I just noticed that the Nexus log that I've been looking at from buildomat doesn't start at the beginning of Nexus's lifetime. Like the CockroachDB log, it must have been rotated and archived already and we don't have that earlier file. That makes it hard to say anything about which populate steps may have run, failed, finished, etc.

There are several bugs/improvements that would help us debug this kind of problem the next time it happens:

We should definitely fix the buildomat job. I'm not sure if it's worth debugging this further until we do that. We might be able to find more information but it'll probably be a lot clearer with the logs in hand.

bnaecker commented 11 months ago

(is there a better way to find archived log files?)

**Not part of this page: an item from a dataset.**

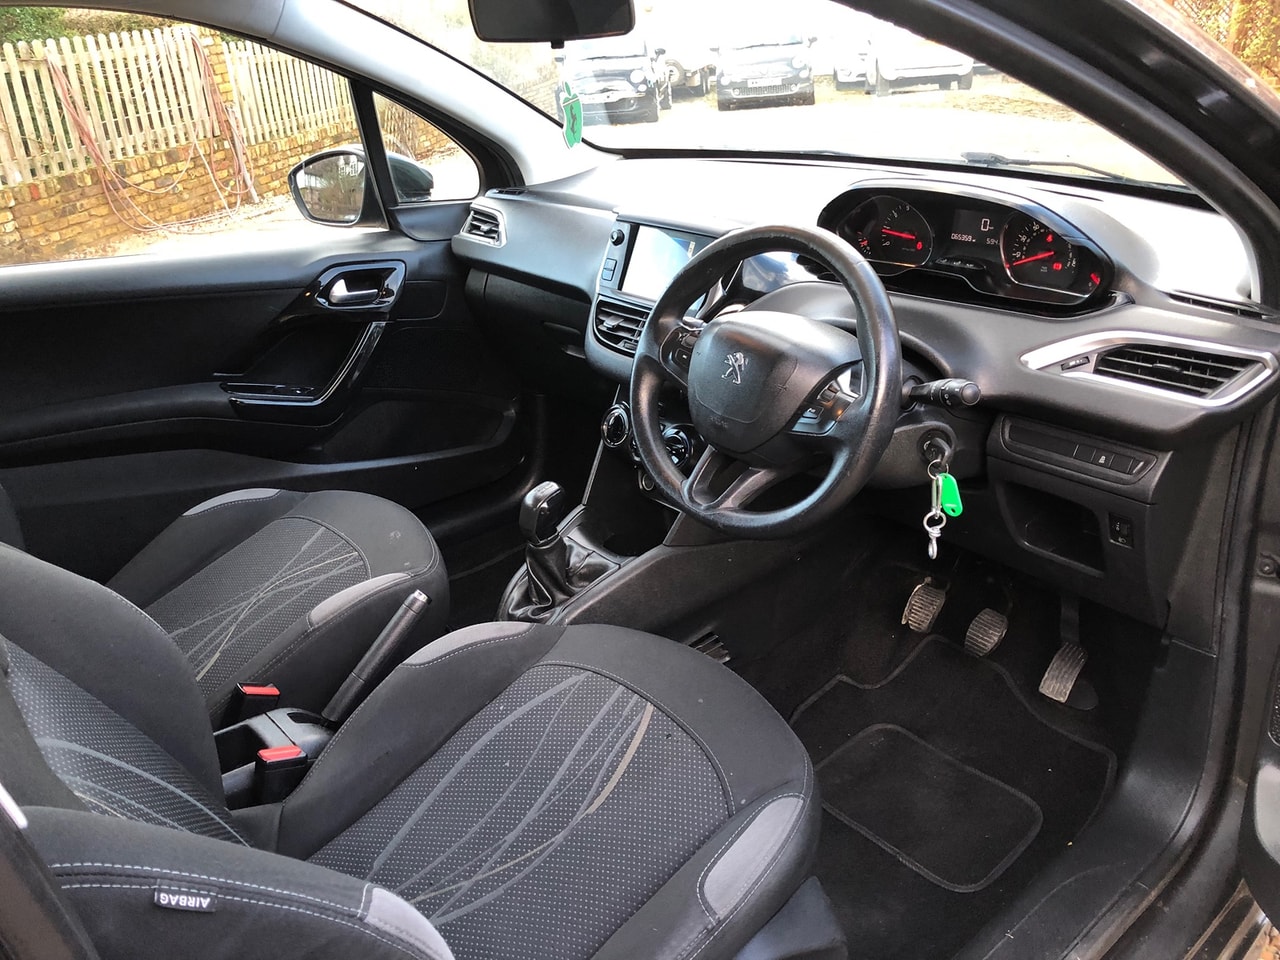 2013 PEUGEOT 208 Active 1.2 VTi 82 - Picture 10 of 13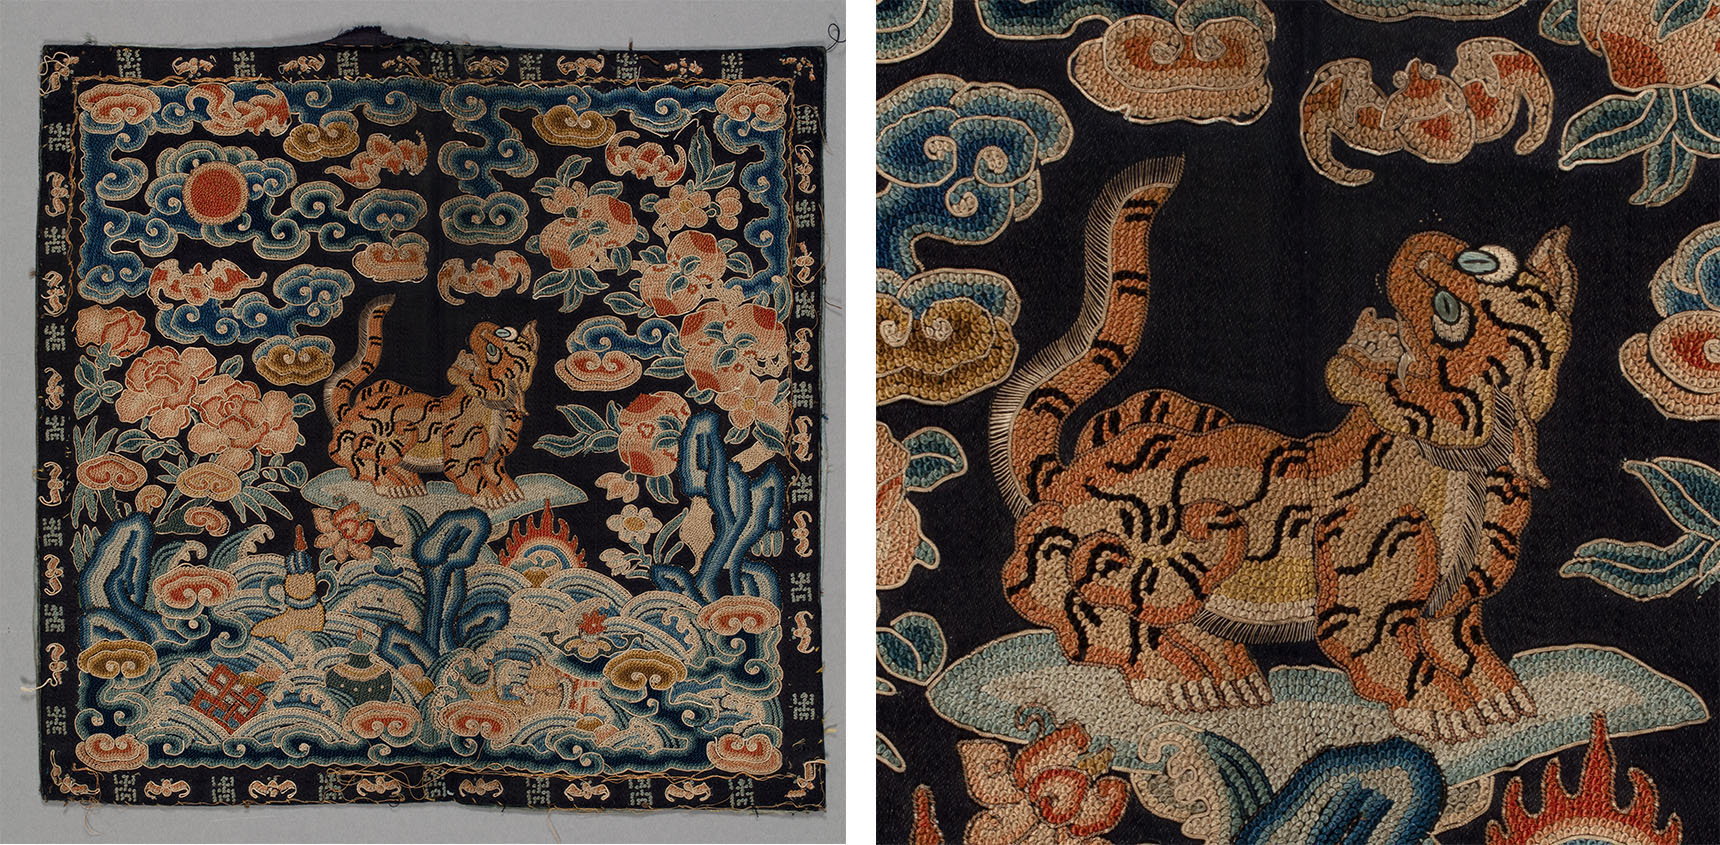 Two images - one of a square textile featuring a tiger that stands on a flat stone in the centre of the panel with its head turning backwards towards the sun - a red circle on the left. The tiger is surrounded by different symbols of fortune and longevity. The other image is a A close-up view of a tiger that was created by using decorative embroidery knots of different colours

These were archived out to the U.2s as part of #3713, I believe. They're still named by zone, so filtering by that would help. I think the dataset they end up in is unpredictable, though the archiver continues to use the same location until it runs out of space.

It unfortunately does not help post-mortem, but if you're debugging a live system, the zone-bundle tool will fish those log files out for you as well.

$ zone-bundle --host <SLED_AGENT_IP> get --create oxz_nexus_2c05b297-cc92-4a0a-8378-946af887ec91

That command will create a tarball with all the log files, either still in /var/svc/log or out on those U.2s.